→ **WHAT YOU WILL DO**: Print the listing in its entirety and exactly, leaving out images.

→ **MATERIAL PROVIDED**:
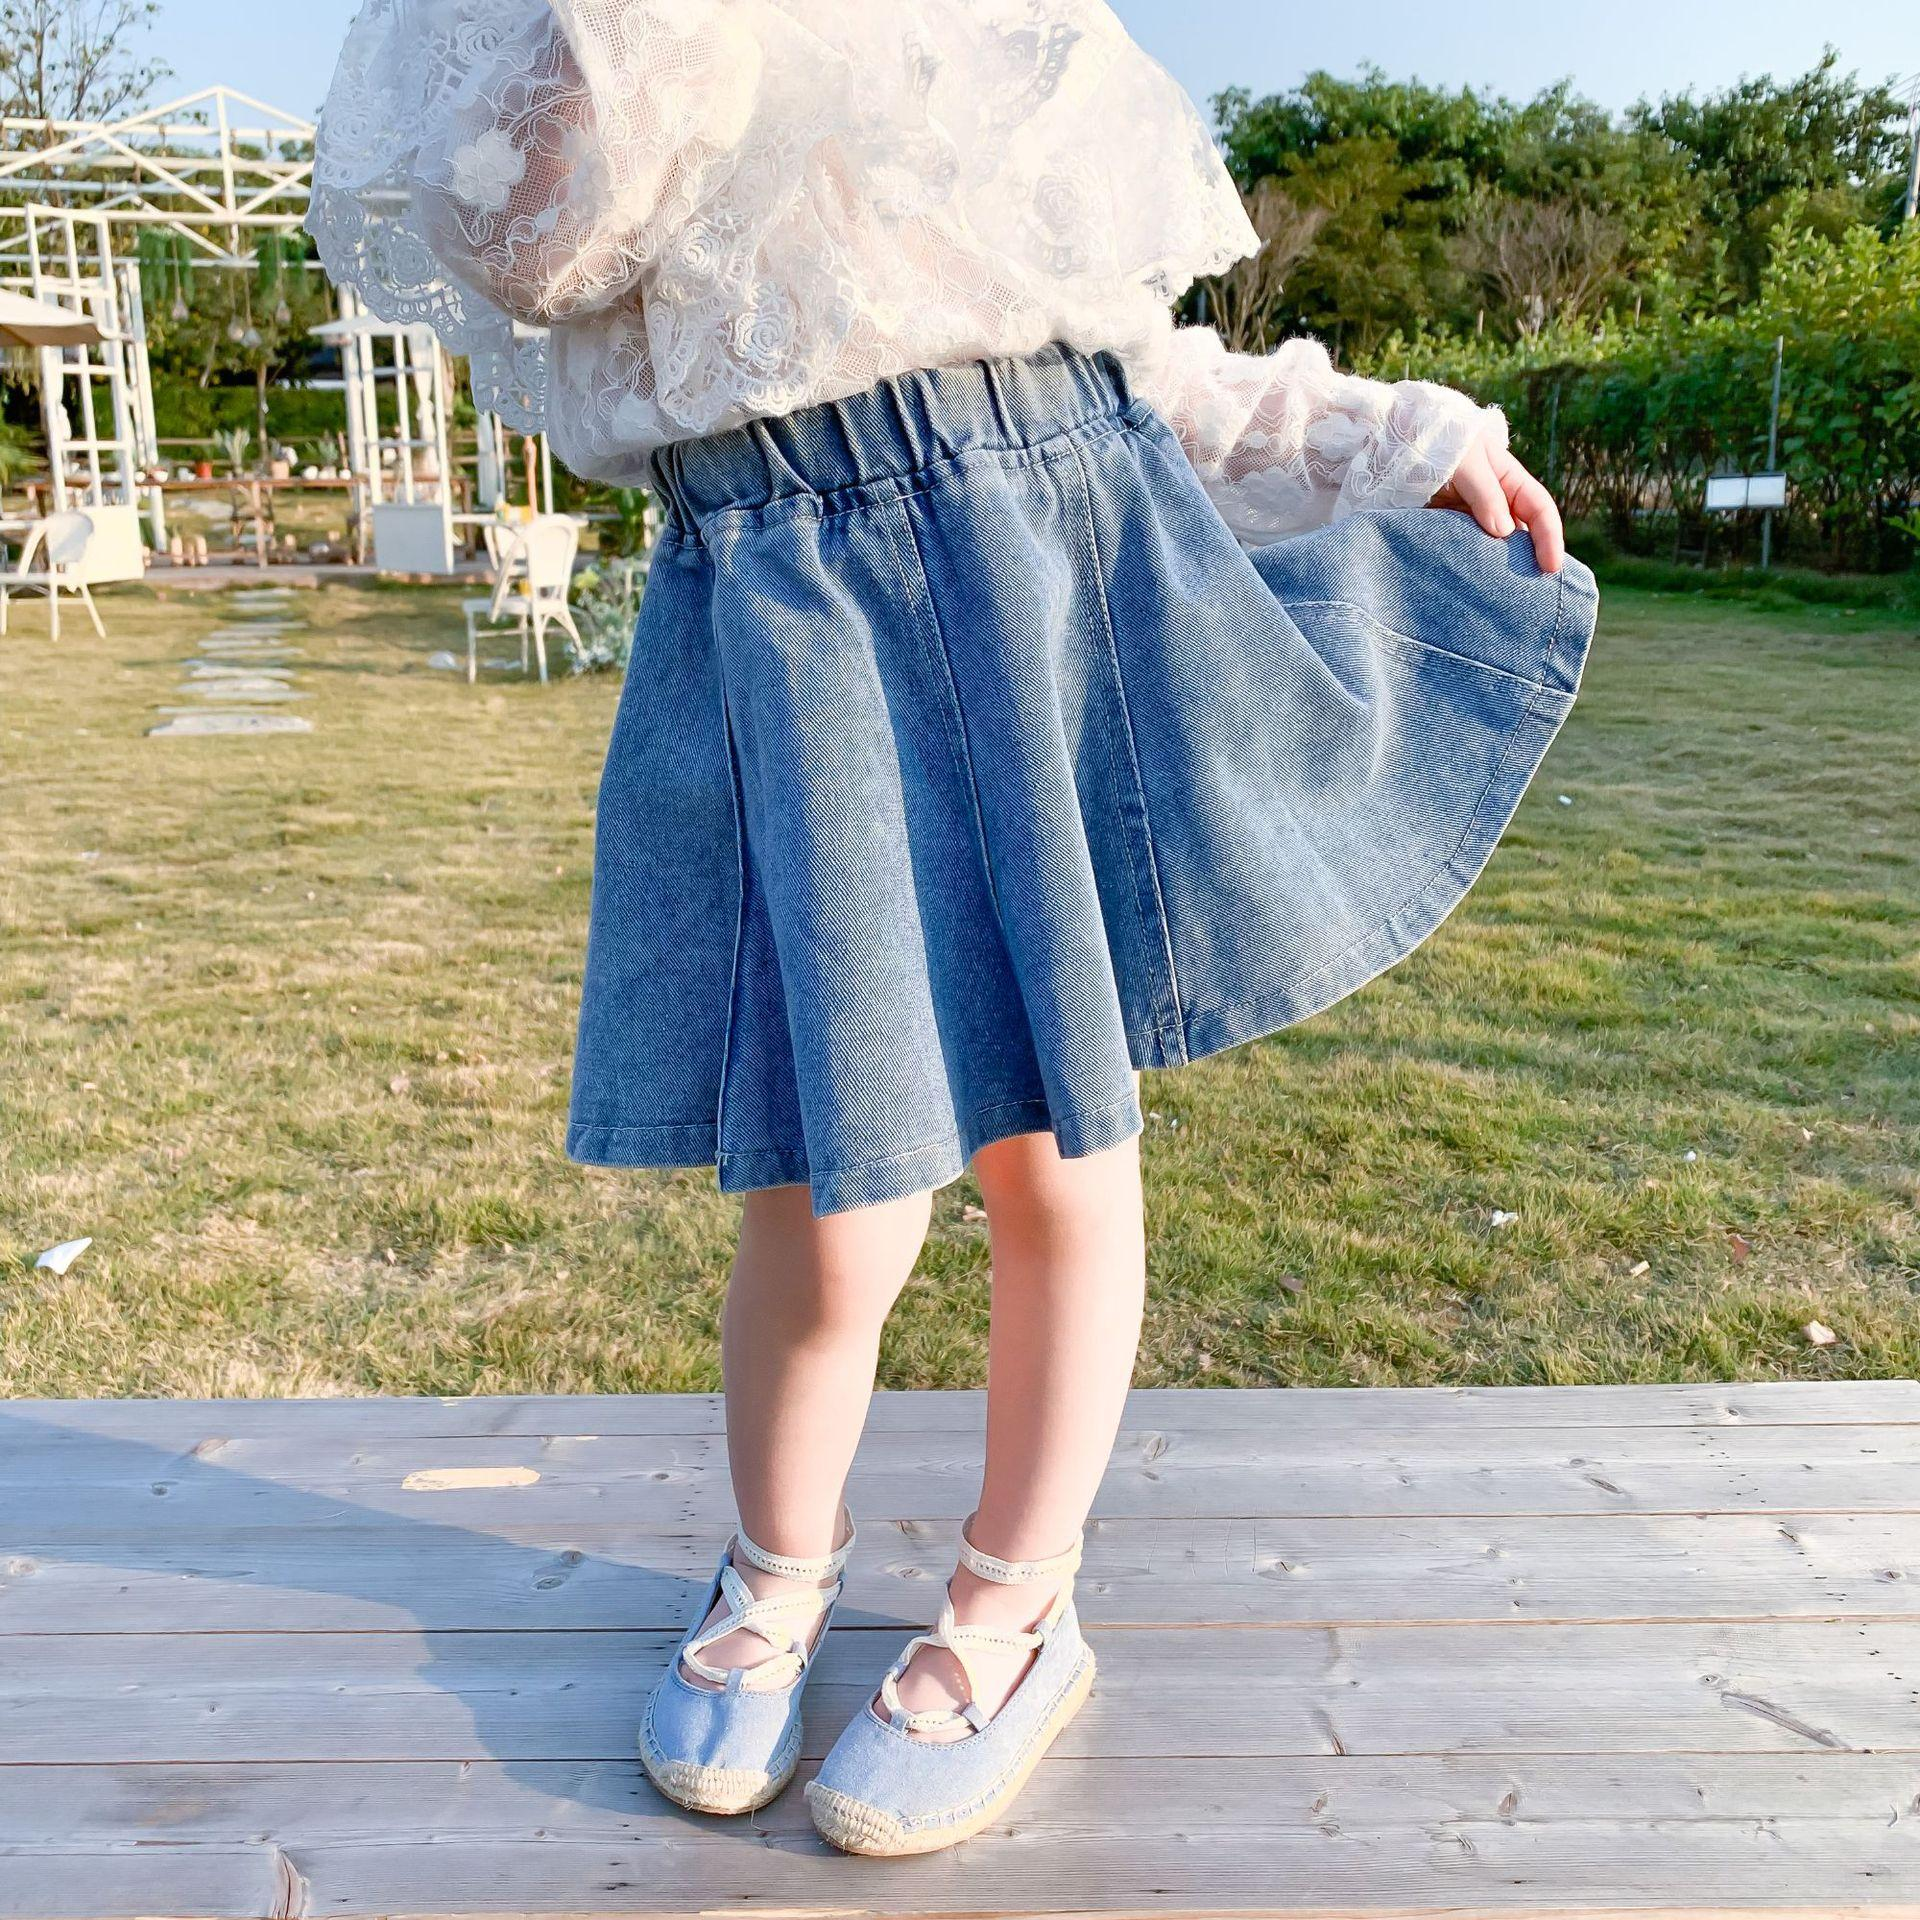 베이비 키즈 데님 블루 캐주얼 진 스커트 유아 여자 옷 A1890 2020 새로운 여자 부드러운 카우보이 주름 치마 어린이 스커트
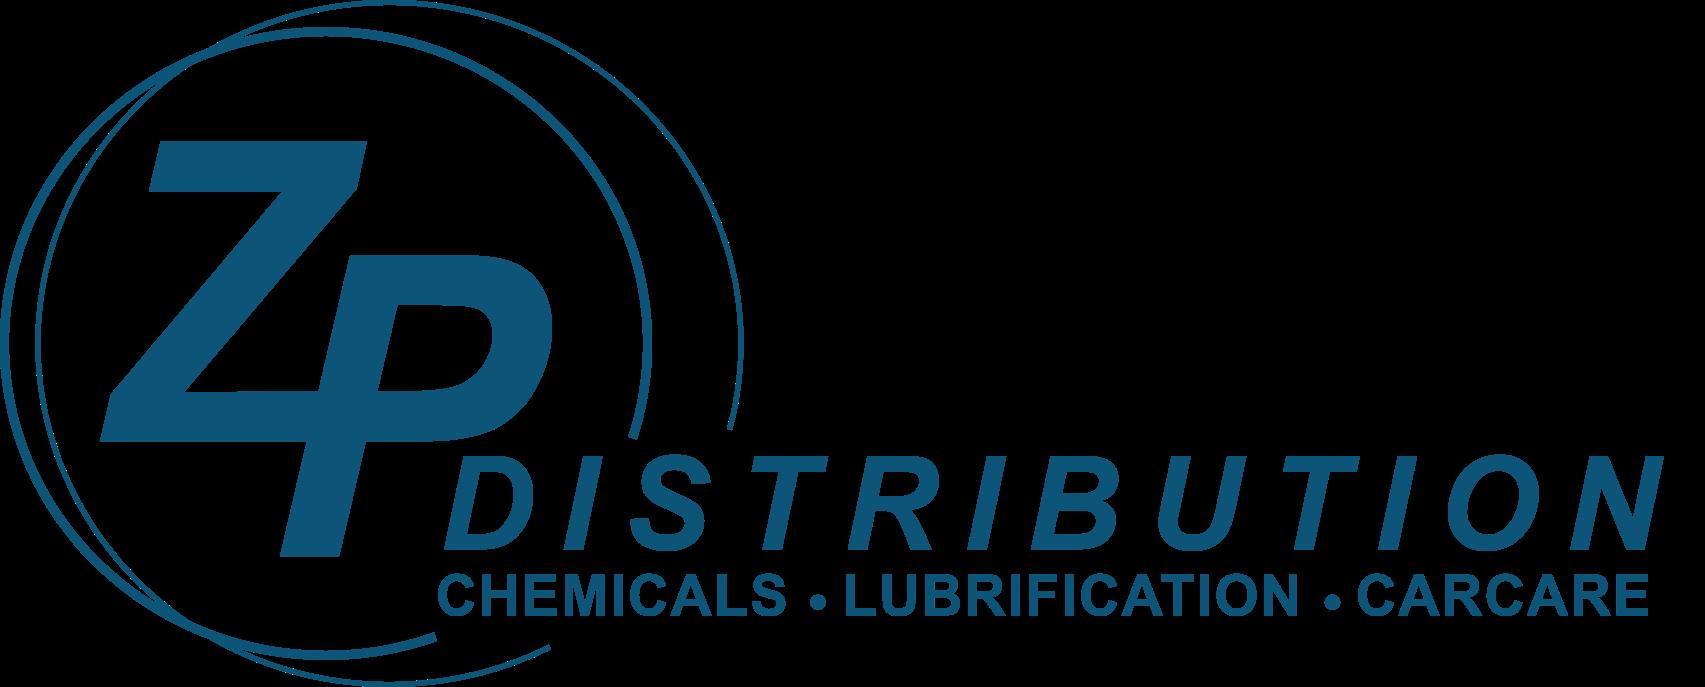 www.zp-distribution.com
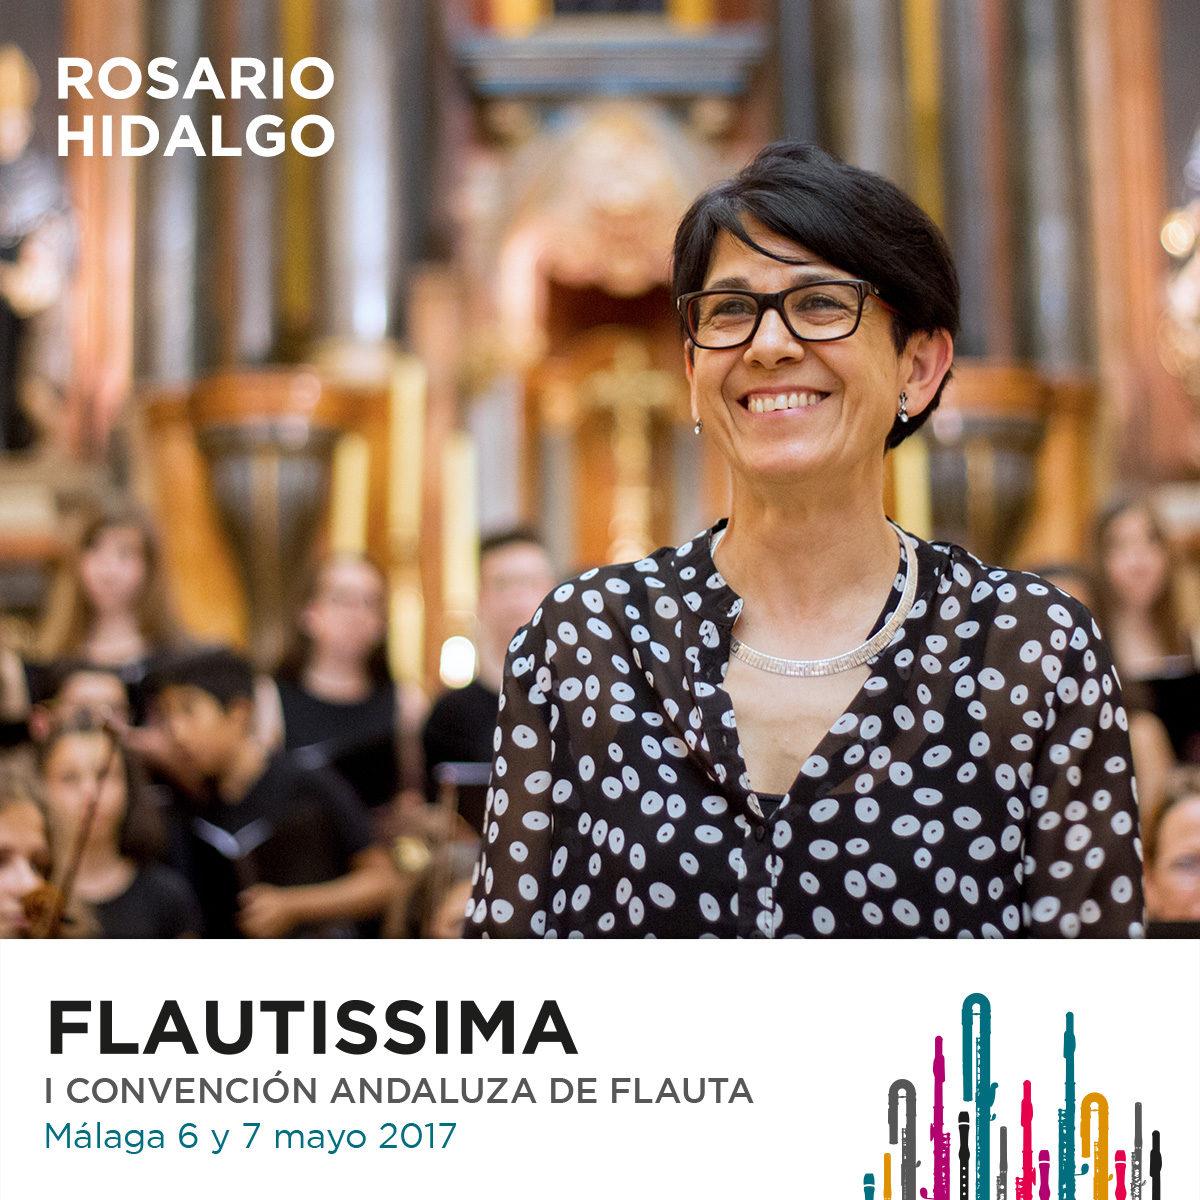 Rosario Hidalgo López Flautissima
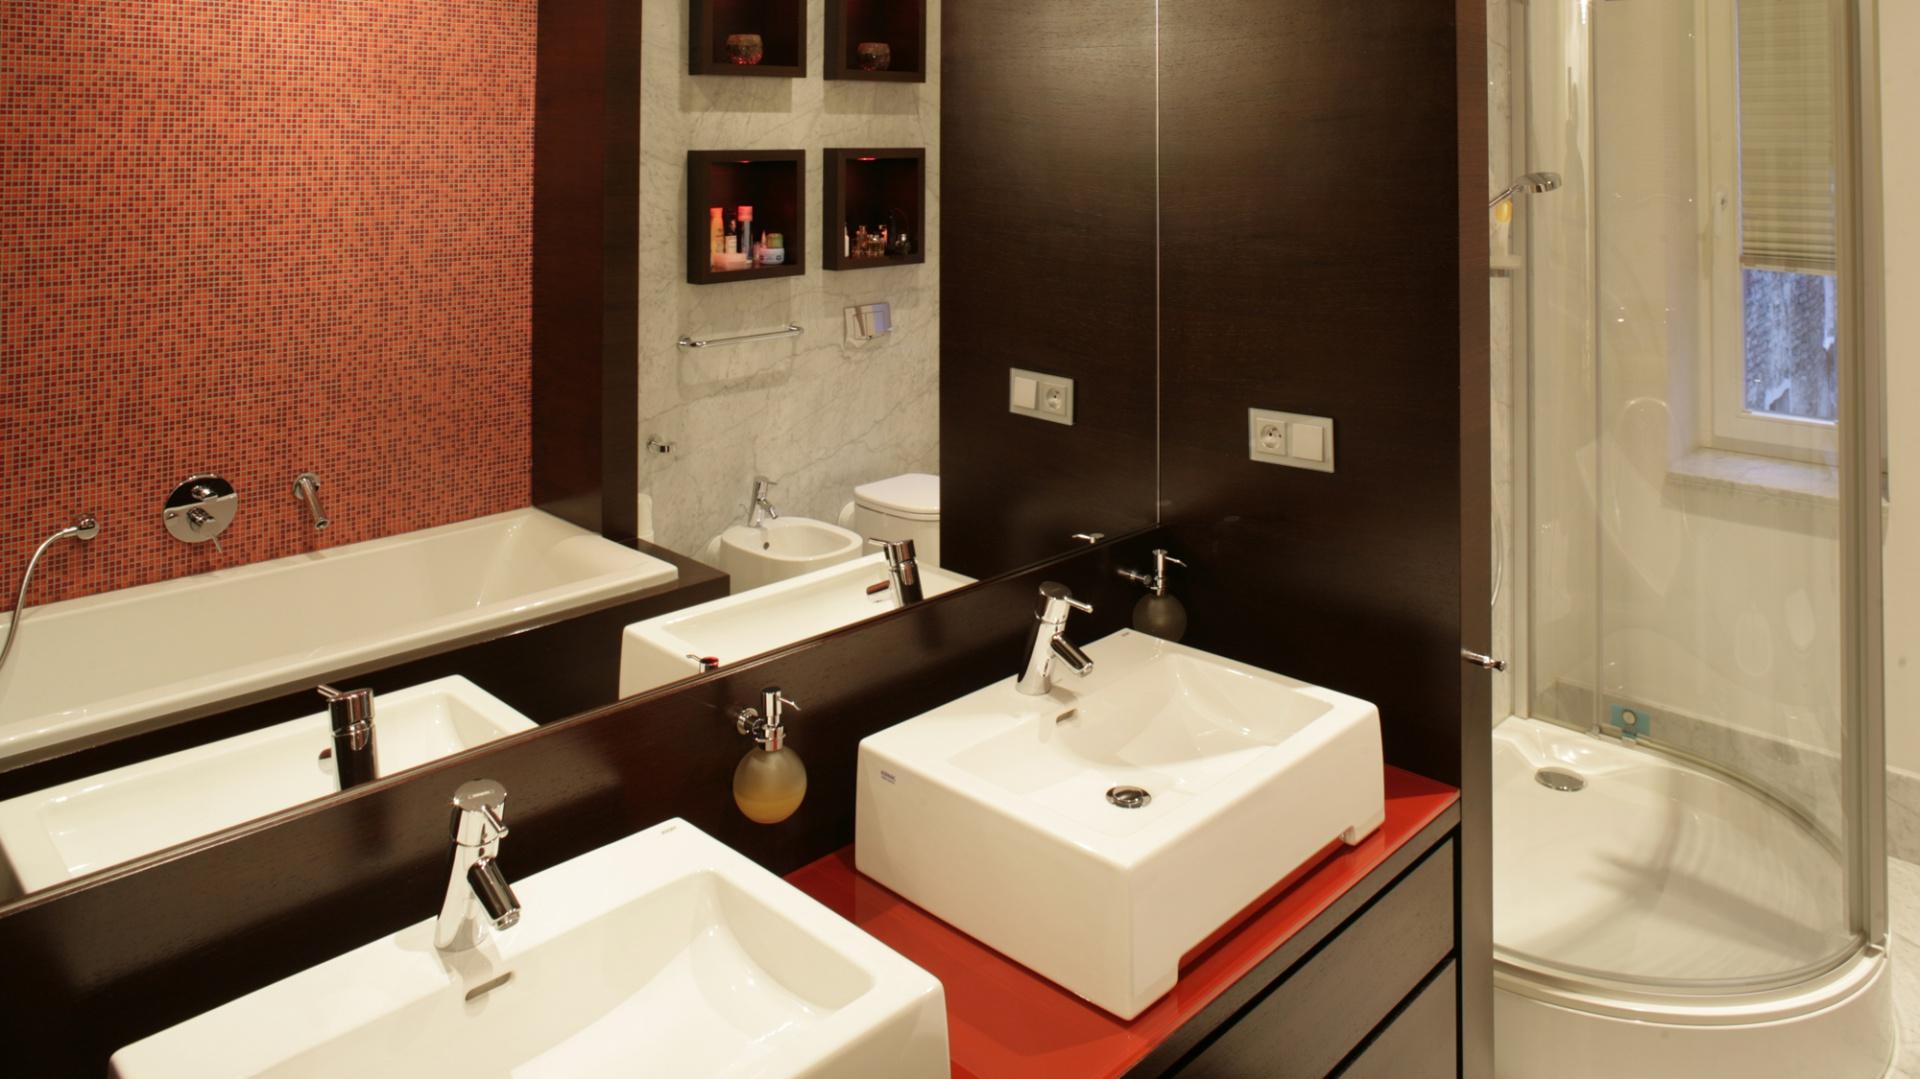 Ścianę  nad umywalkami (z oferty firmy Keramag), wypełnia wielkoformatowe lustro. Dzięki  niemu  łazienka  wydaje się znacznie większa niż jest w rzeczywistości. Fot. Bartosz Jarosz..

→ **REPLY**:
 베이비 키즈 데님 블루 캐주얼 진 스커트 유아 여자 옷 A1890 2020 새로운 여자 부드러운 카우보이 주름 치마 어린이 스커트
 www.zp-distribution.com
 Rosario Hidalgo López Flautissima
 Ścianę  nad umywalkami (z oferty firmy Keramag), wypełnia wielkoformatowe lustro. Dzięki  niemu  łazienka  wydaje się znacznie większa niż jest w rzeczywistości. Fot. Bartosz Jarosz..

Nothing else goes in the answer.